## Exercise goal
Without the pictures, retype each line below exactly as it stands.

## Raw data
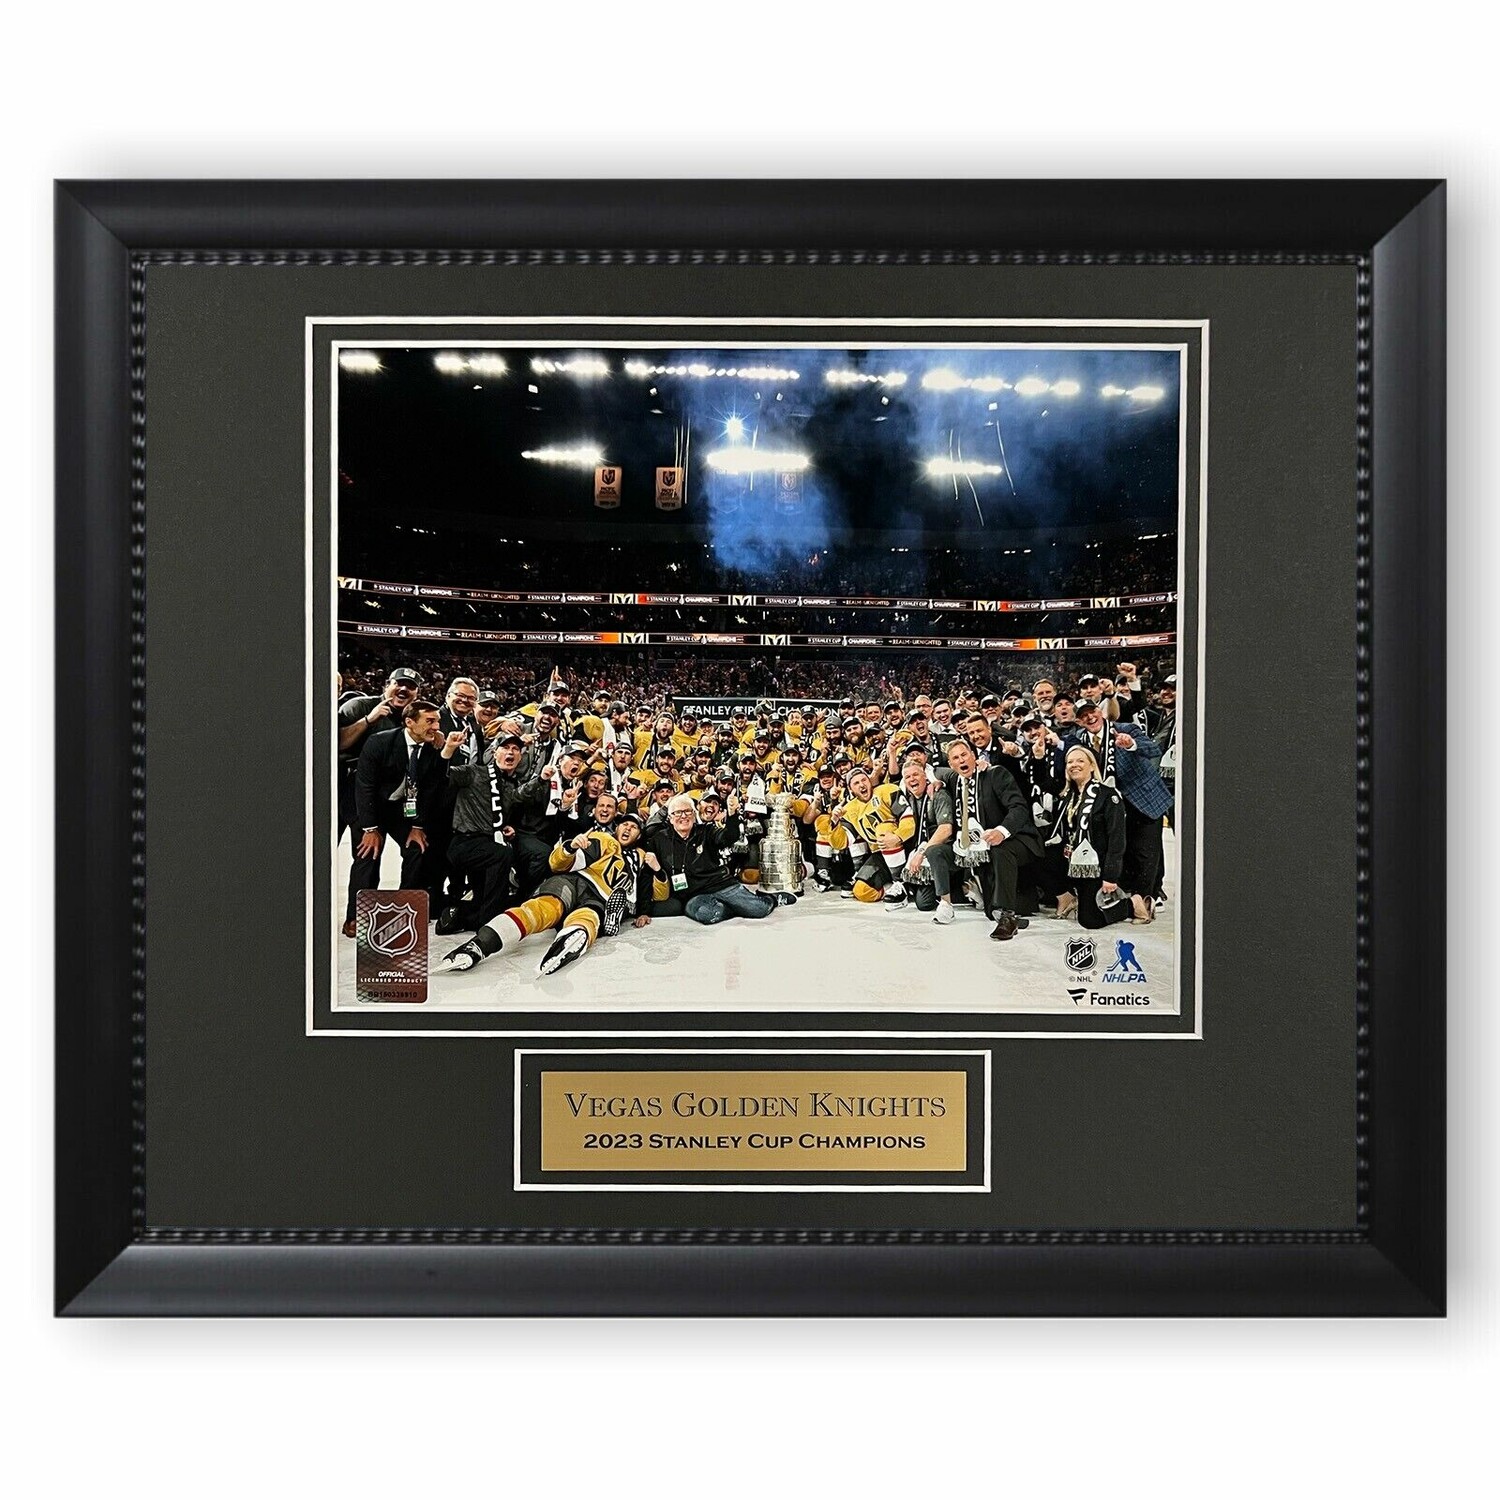 Vegas Golden Knights Collectibles, Knights Memorabilia, Vegas Golden Knights  Autographed Memorabilia
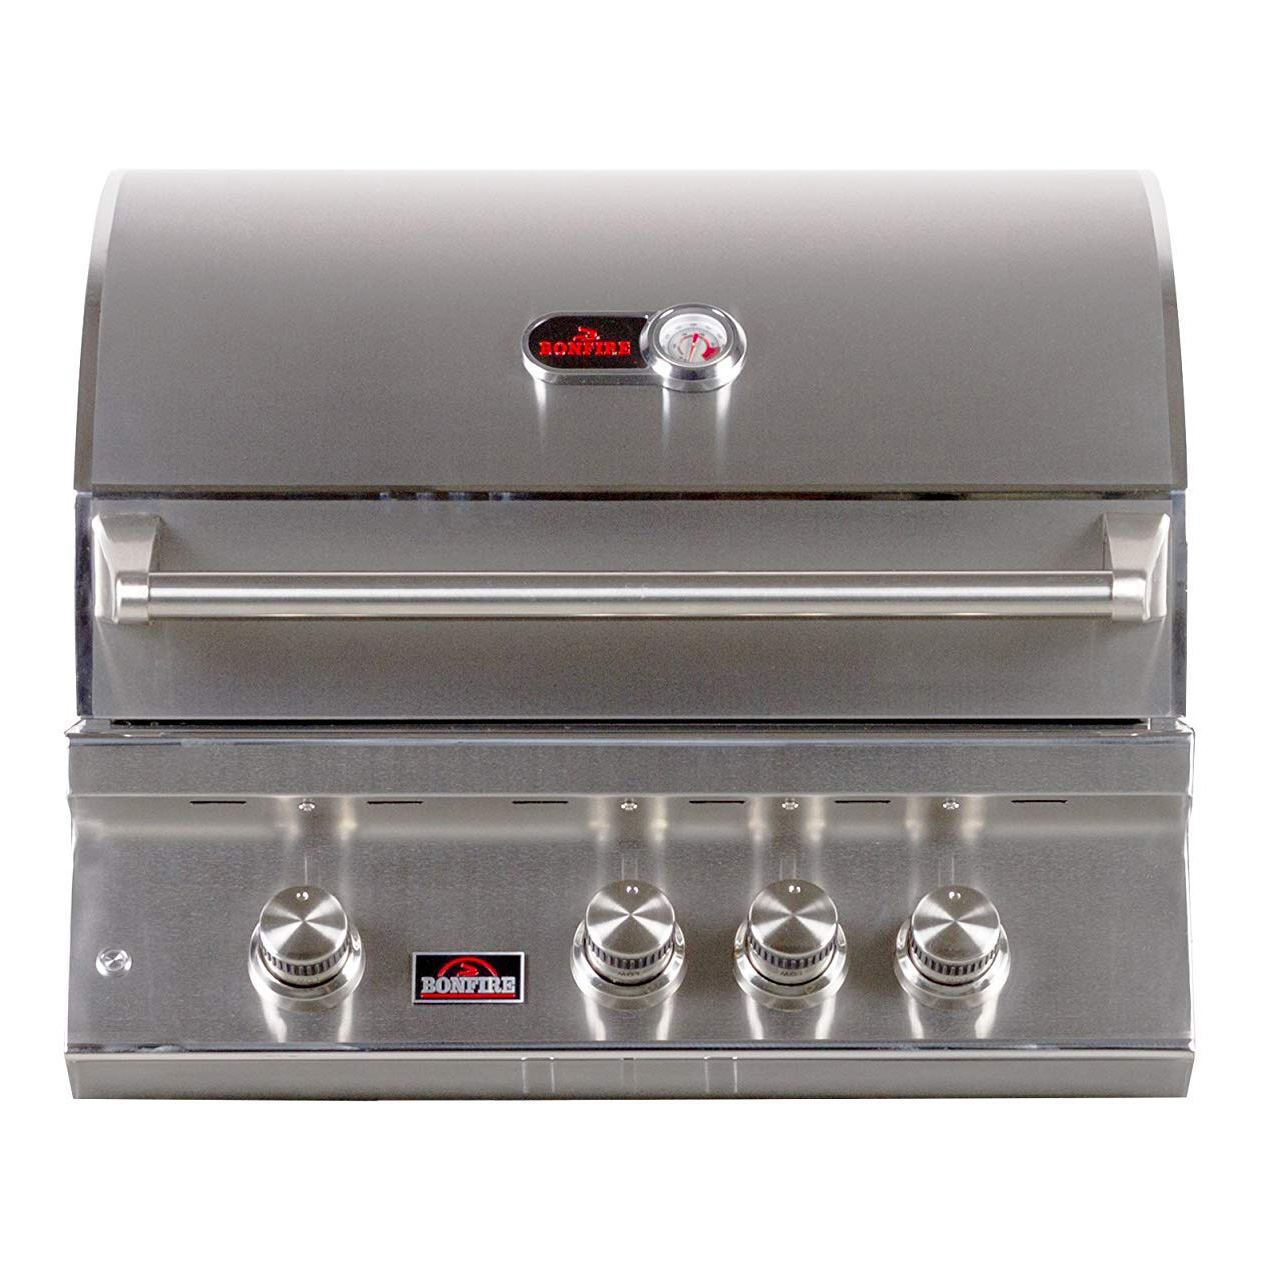 Bonfire CBB3LP 28" Built In 3 Burner Propane Gas Grill with Infrared Rotisserie - image 1 of 7
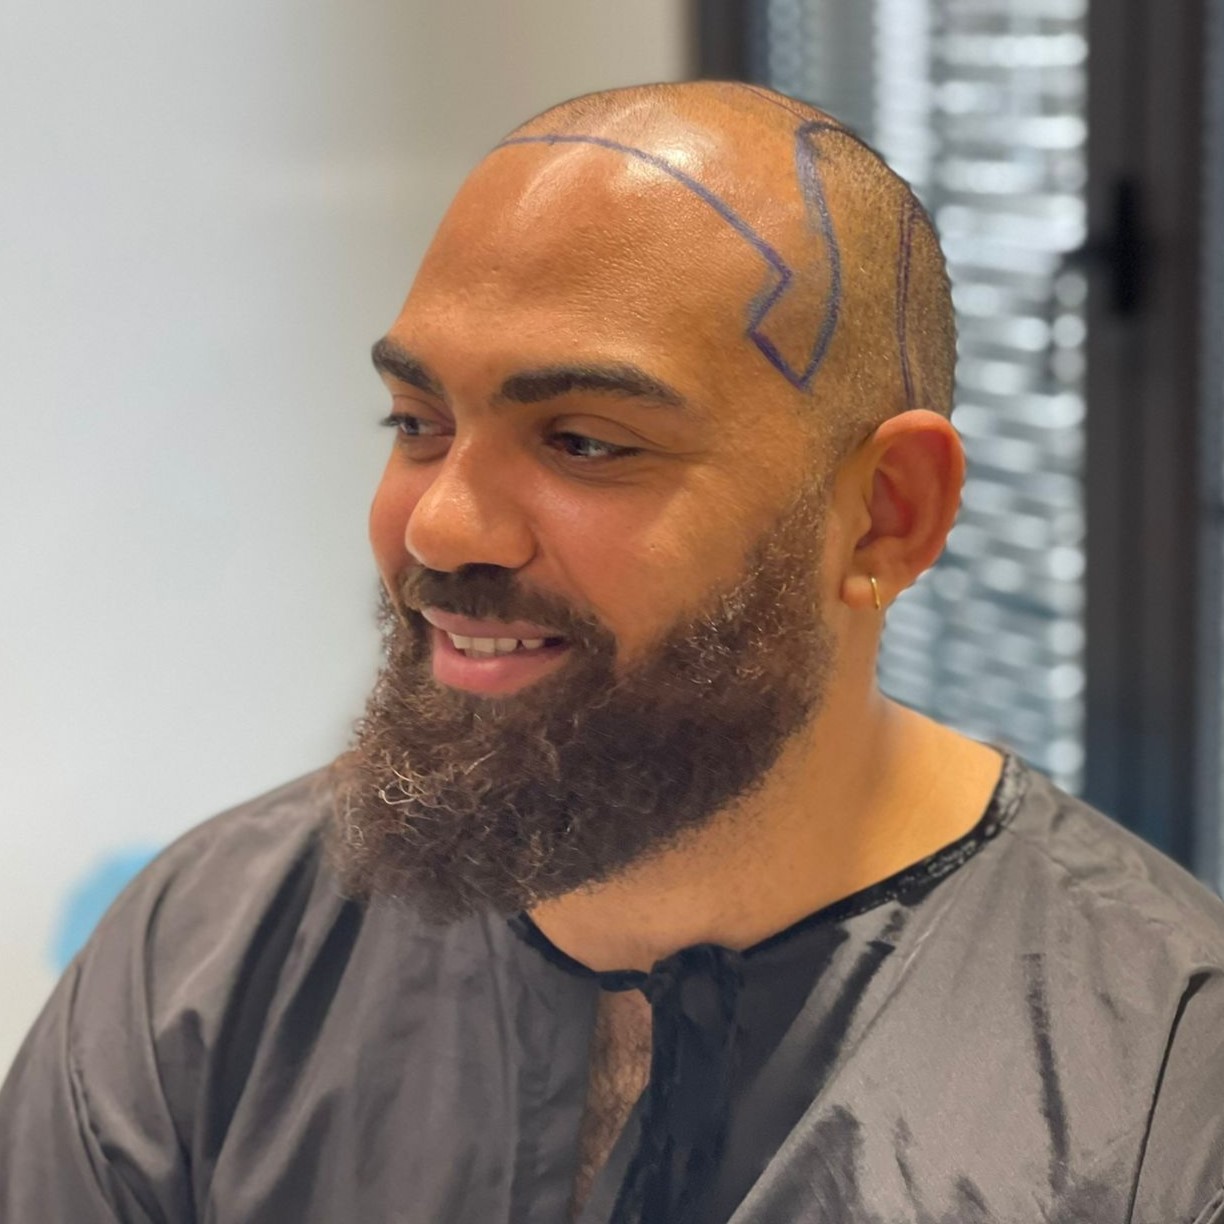 Hair Transplant vs Shaved Head - What Makes You Look Your Best?

## Answer space
 Vegas Golden Knights Collectibles, Knights Memorabilia, Vegas Golden Knights  Autographed Memorabilia
 Bonfire CBB3LP 28" Built In 3 Burner Propane Gas Grill with Infrared Rotisserie - image 1 of 7
 Hair Transplant vs Shaved Head - What Makes You Look Your Best?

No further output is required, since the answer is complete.